The Commerce (Cartels and Other Matters) Amendment Bill is now passed, almost six years after its introduction. Most of the amendments come into force immediately.

The provisions which would have imposed criminal sanctions for cartel conduct have been dropped.

Key provisions

  • Recasting the price fixing prohibition: the Bill specifies that price fixing, market allocation, and restricting output are cartel provisions and as such are collusive behaviour and therefore illegal under the Commerce Act.
  • New exceptions for desirable commerce: restrictions like territory allocations in vertical supply contracts and genuine collaborative activities fall outside the complete ban on cartel conduct.
  • Collaborative activity clearance regime: in addition to the collaborative activity exception, a clearance process is available through which businesses can test the competition implications of their proposed joint venture activity.
  • Jurisdiction amendments: the legislation clarifies how the Commerce Act applies to activity undertaken outside New Zealand.
  • Overseas acquisitions affecting New Zealand: the Commerce Commission has the power to seek a High Court declaration that an off-shore merger has or is likely to lessen competition in a New Zealand market. This will make it easier for the Commission to tackle international deals which threaten New Zealand consumers.
  • Exemption for maximum resale prices: suppliers are expressly allowed to stipulate maximum resale prices – a sensible move which recognises that, unlike minimum resale prices, they are pro-competitive and do not stifle price competition amongst resellers.

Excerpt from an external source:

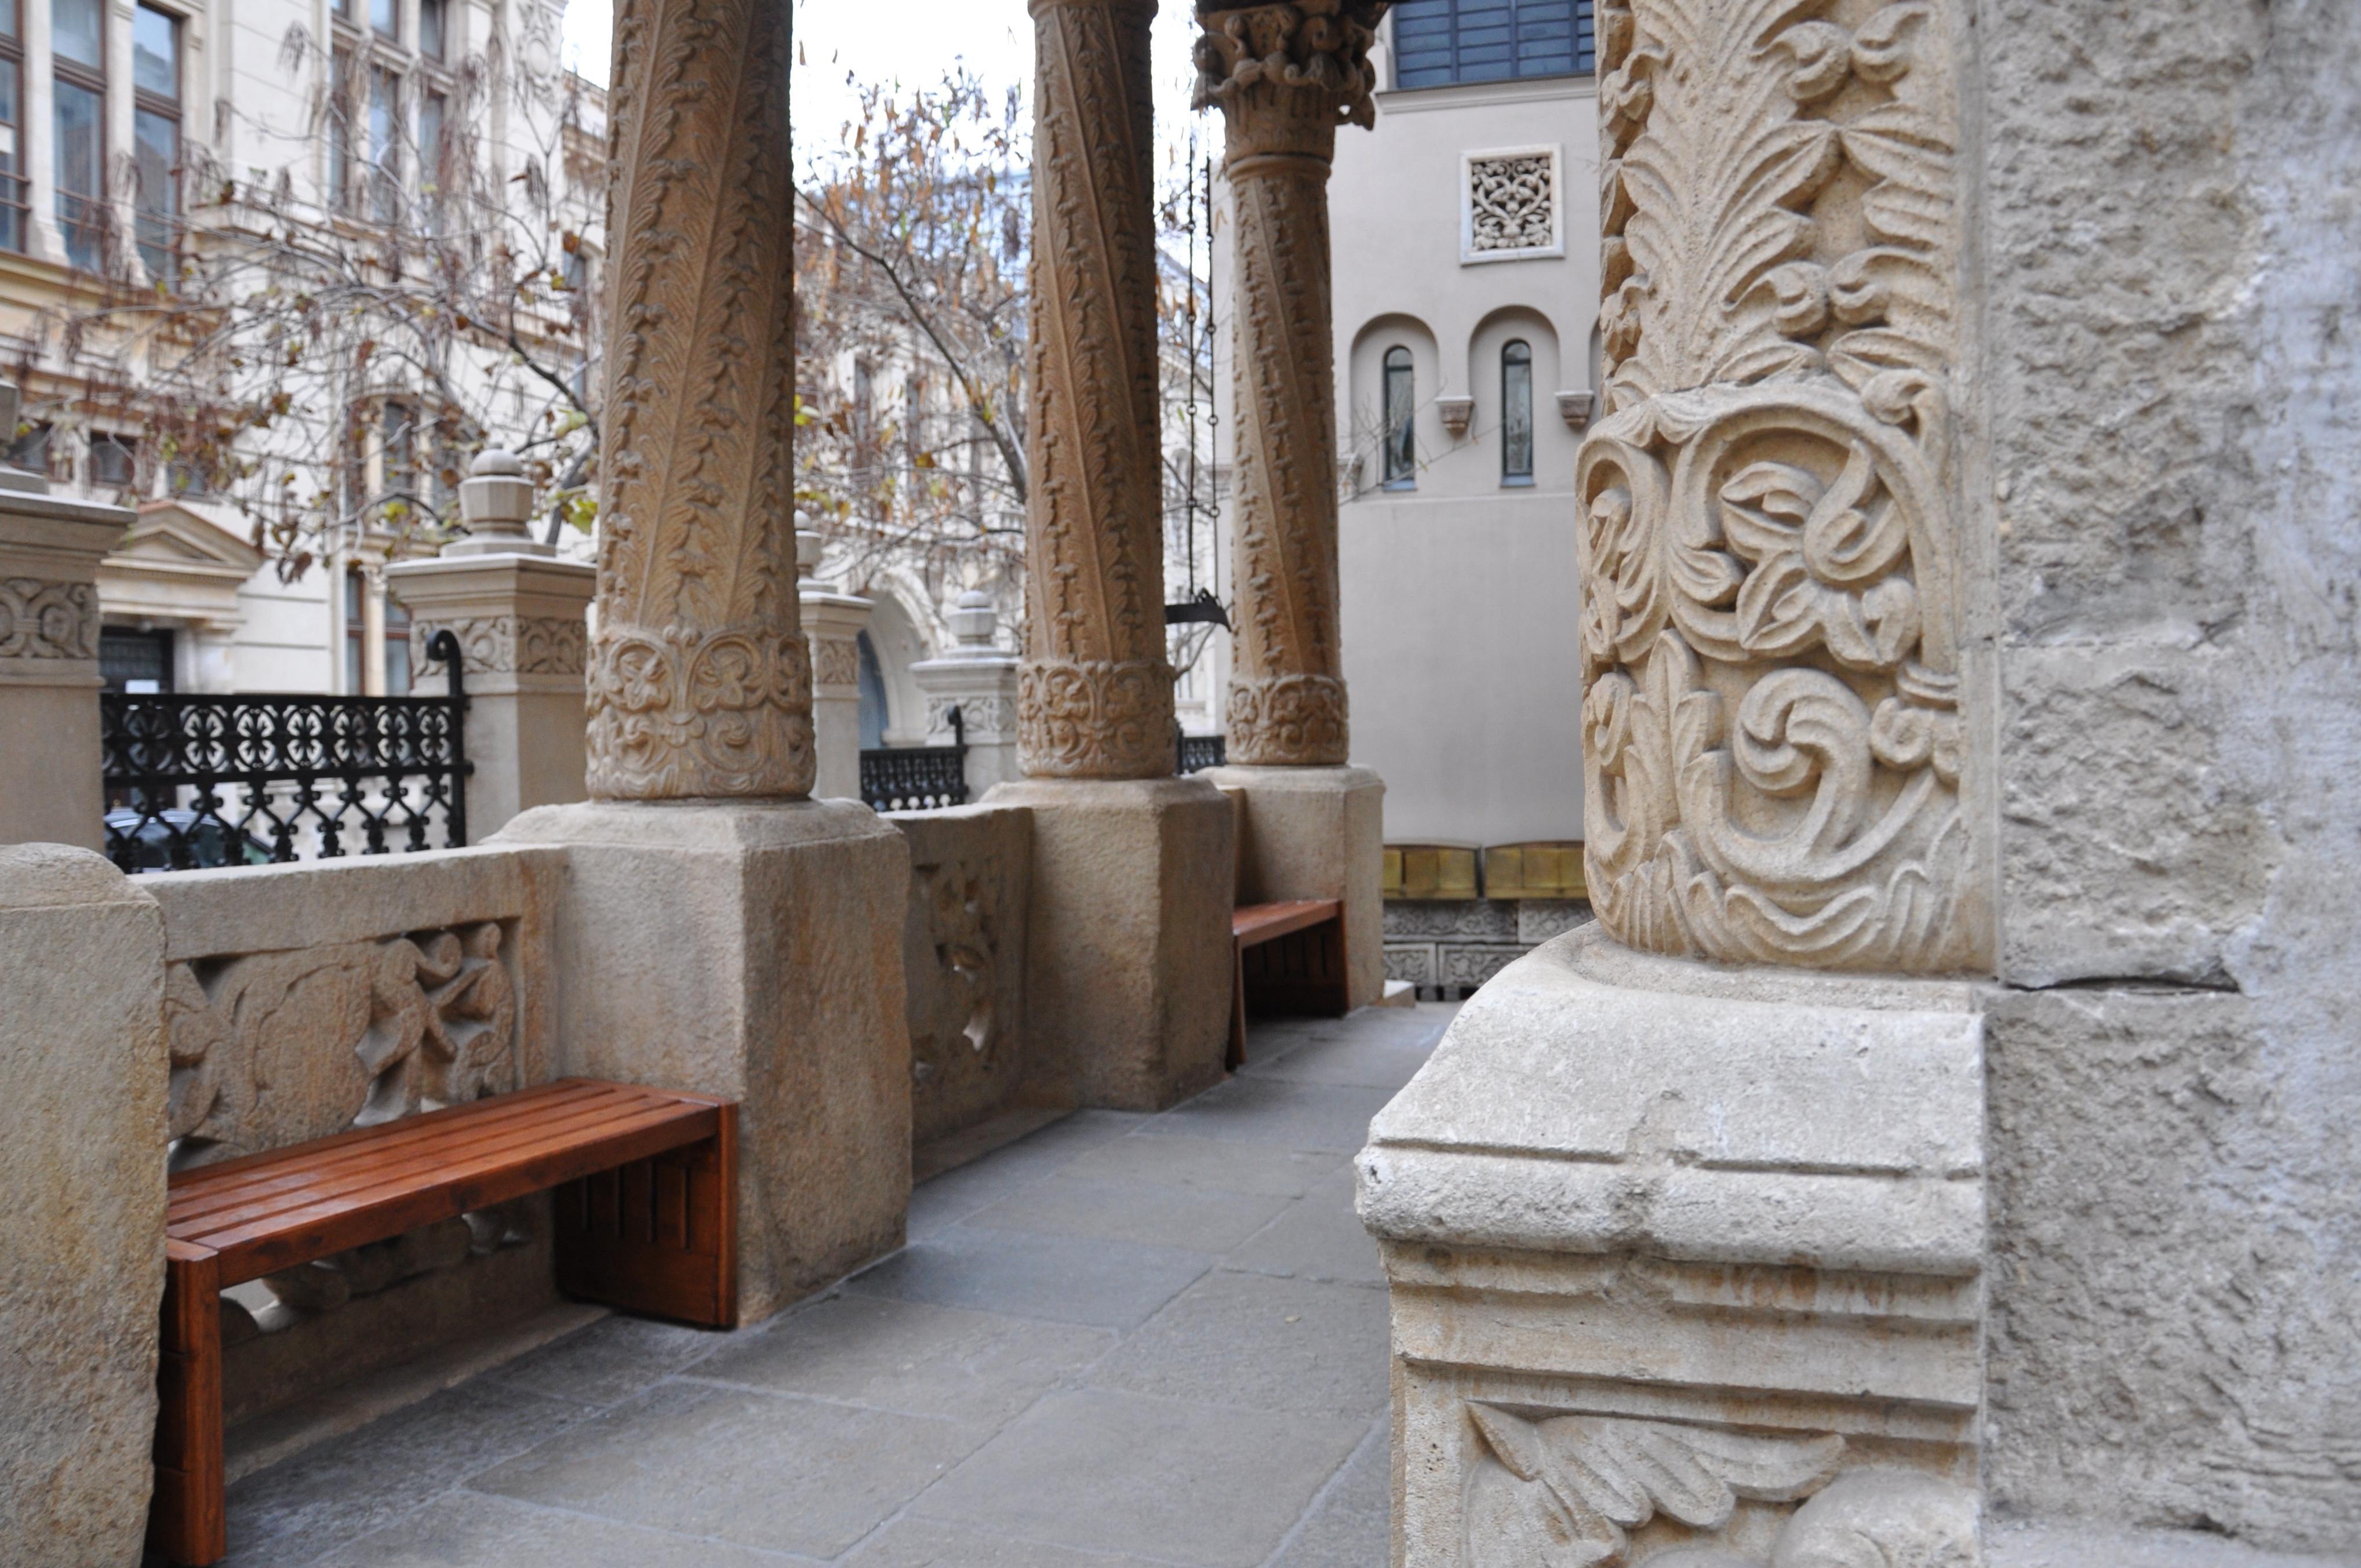 Free Picture Architecture Stone Ancient Sculpture Art

International shipping: halfway house exception

The international shipping exemption has been removed from the Commerce Act, despite very strong opposition from the industry.

A late change, however, provides an exception for “specified activities" relating to the provision of coordinated international liner shipping services. Such activities include:

  • coordinating schedules and determining port calls
  • exchanging, selling, hiring, or leasing space on a ship, and
  • pooling ships to operate a shipping network.

A two year transition period is provided.

What next?

The Commission is developing competitor collaboration guidelines which will outline its proposed approach to the cartel prohibition, exemptions (including the new collaborative activity exemption), and the clearance regime for cartel provisions relating to collaborative activities. 

We expect these to be finalised in the near future. While they will not bind the Commission or the courts, they provide some direction as to how the Commission will assess the amendments to the Commerce Act.

Our thanks to Harriet Hansen for writing this Brief Counsel.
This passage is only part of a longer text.